Until I saw this note I had forgotten about the incident. The next time I talk to Teghlor I will try to remember to ask her about it.

Russell


----------



## Russell Williams (Aug 1, 2007)

Once I was in a store that sold various sorts of greeting cards. As best I remember there was a keychain of Teghlor that a young adult male and a young adult female were looking at. The young adult male was explaining to the female that no woman was actually that big and that this was a retouched picture of a much thinner woman. I interrupted their conversation to explain that I had met the woman in the picture, visited with her in the home of a friend and, with a friend visited with her in her own home and that she actually was that they. The two young adults looked at me, their eyes got big, and I left.

Yours truly,

Russell Williams


----------



## Emma (Aug 1, 2007)

You do love interupting don't you? lol


----------



## diggers1917 (Aug 1, 2007)

Russell Williams said:


> Once I was in a store that sold various sorts of greeting cards. As best I remember there was a keychain of Teghlor that a young adult male and a young adult female were looking at. The young adult male was explaining to the female that no woman was actually that big and that this was a retouched picture of a much thinner woman. I interrupted their conversation to explain that I had met the woman in the picture, visited with her in the home of a friend and, with a friend visited with her in her own home and that she actually was that they. The two young adults looked at me, their eyes got big, and I left.
> 
> Yours truly,
> 
> Russell Williams



Sounds like you blew a hole into their tiny world....which sounds quite fun to me .


----------



## MrChipz (Aug 3, 2007)

Imagine a Teighlor Realdoll. The shipping charges alone would probably be $5000. If you've never wandered into www.realdoll.com, Realdolls are made of silicone elastomers, on an articulated aluminum skeleton. They weigh as much as a real woman and, or so I've read, feel like one.


----------



## ThatFatGirl (Aug 3, 2007)

MrChipz said:


> Imagine a Teighlor Realdoll. The shipping charges alone would probably be $5000. If you've never wandered into www.realdoll.com, Realdolls are made of silicone elastomers, on an articulated aluminum skeleton. They weigh as much as a real woman and, or so I've read, feel like one.

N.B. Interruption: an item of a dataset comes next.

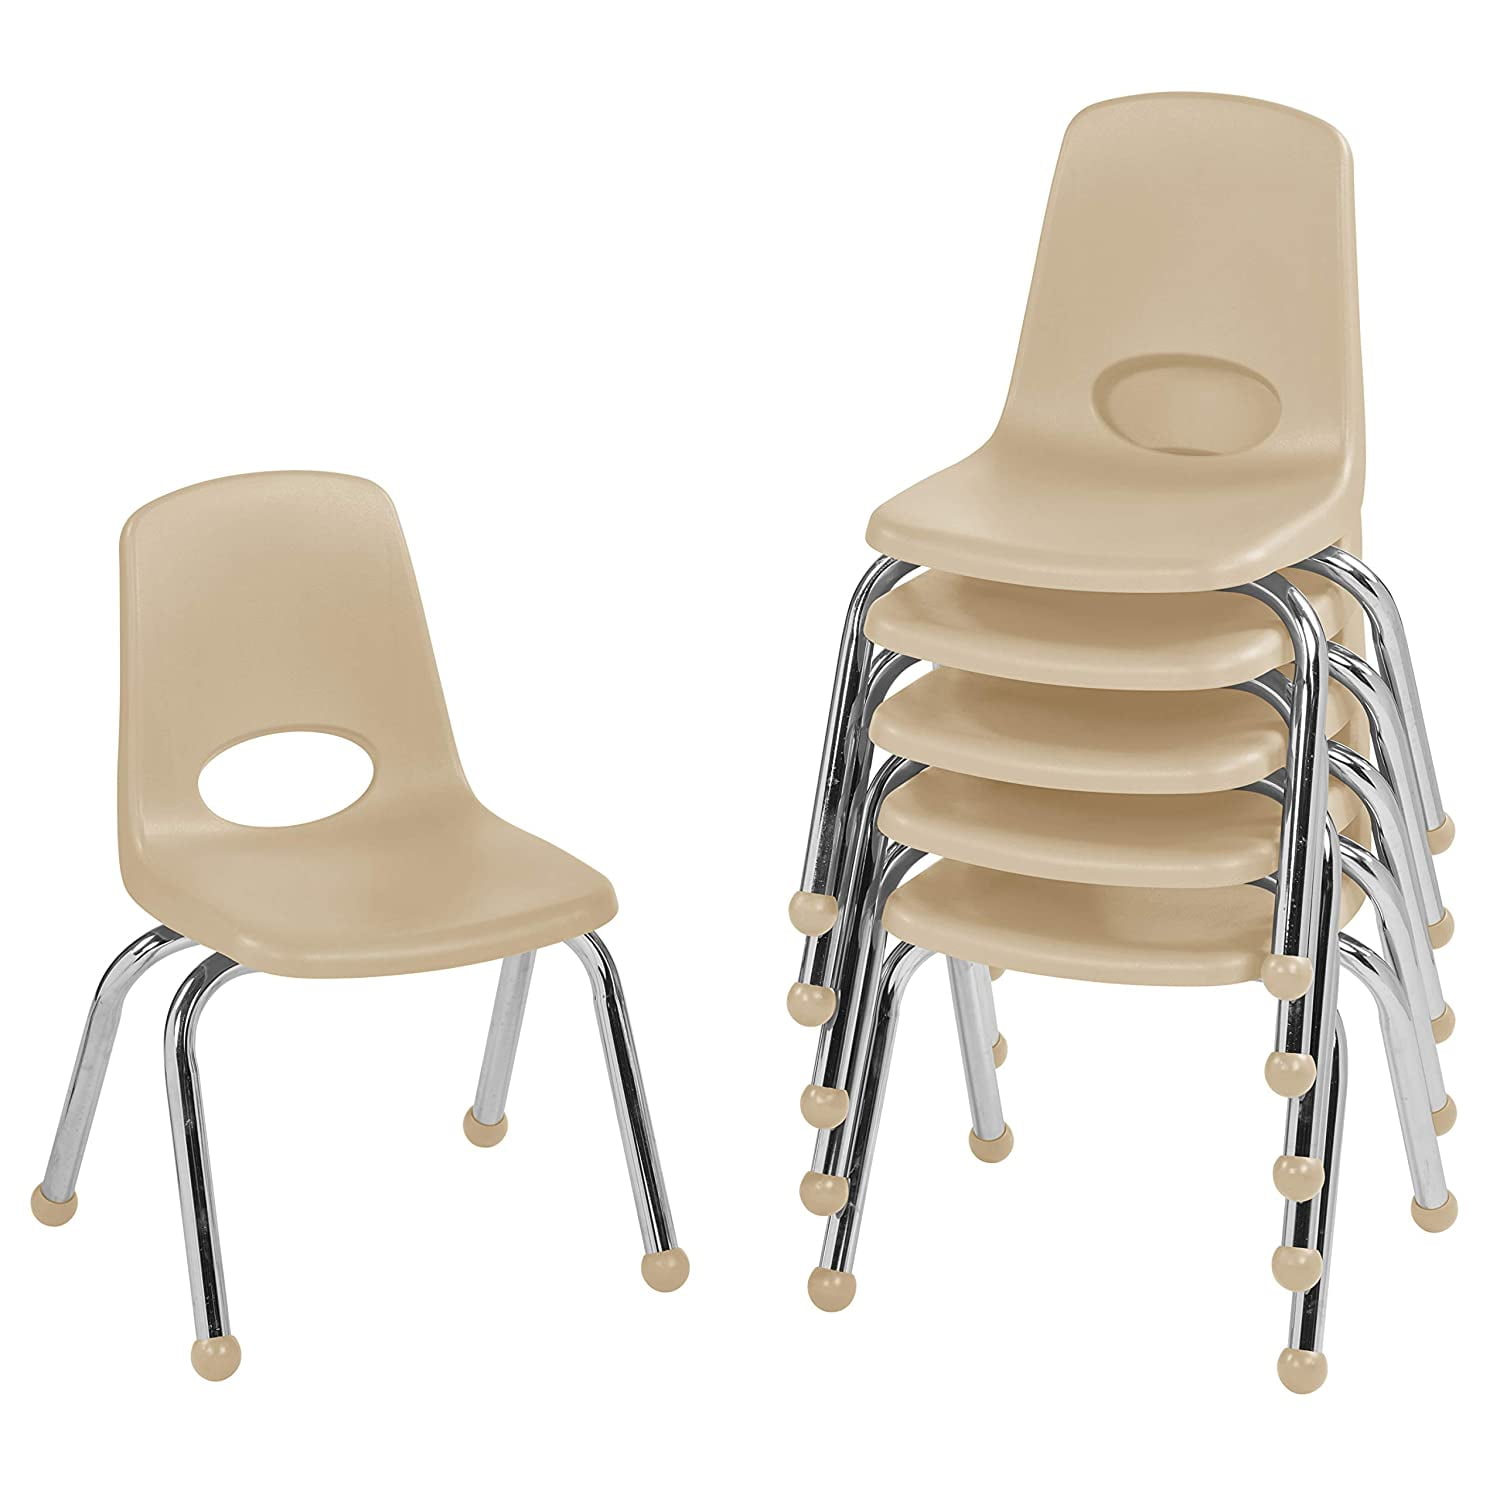 6-Pack 10 School Stack Chair Stacking Student Chairs with Chromed Steel Legs and Ball Glides Assorted Colors

I've been both fascinated and repulsed by these dolls for years. I love the letters page of the site. There really are some creepy men out there.


----------



## Lady at Large (Aug 3, 2007)

ThatFatGirl said:


> I've been both fascinated and repulsed by these dolls for years. I love the letters page of the site. There really are some creepy men out there.



I too have been sort of innocuously obsessed with these dolls. The artistry does seem amazing to me. Course I could be just a big ole giant perv. Oh well Tomayto/tomauto.


----------



## garrry! (Aug 3, 2007)

Russell Williams said:


> The last time Teglor talked to me about this was several years ago but as best I remember it was something that someone did with out her permission and did not give her any profit from. Since that time the situation may have changed.
> 
> Until I saw this note I had forgotten about the incident. The next time I talk to Teghlor I will try to remember to ask her about it.
> 
> Russell


really? when did you meet her? How often do you see her? Are you good friends with her?


----------



## Jes (Aug 3, 2007)

ThatFatGirl said:


> I've been both fascinated and repulsed by these dolls for years. I love the letters page of the site. There really are some creepy men out there.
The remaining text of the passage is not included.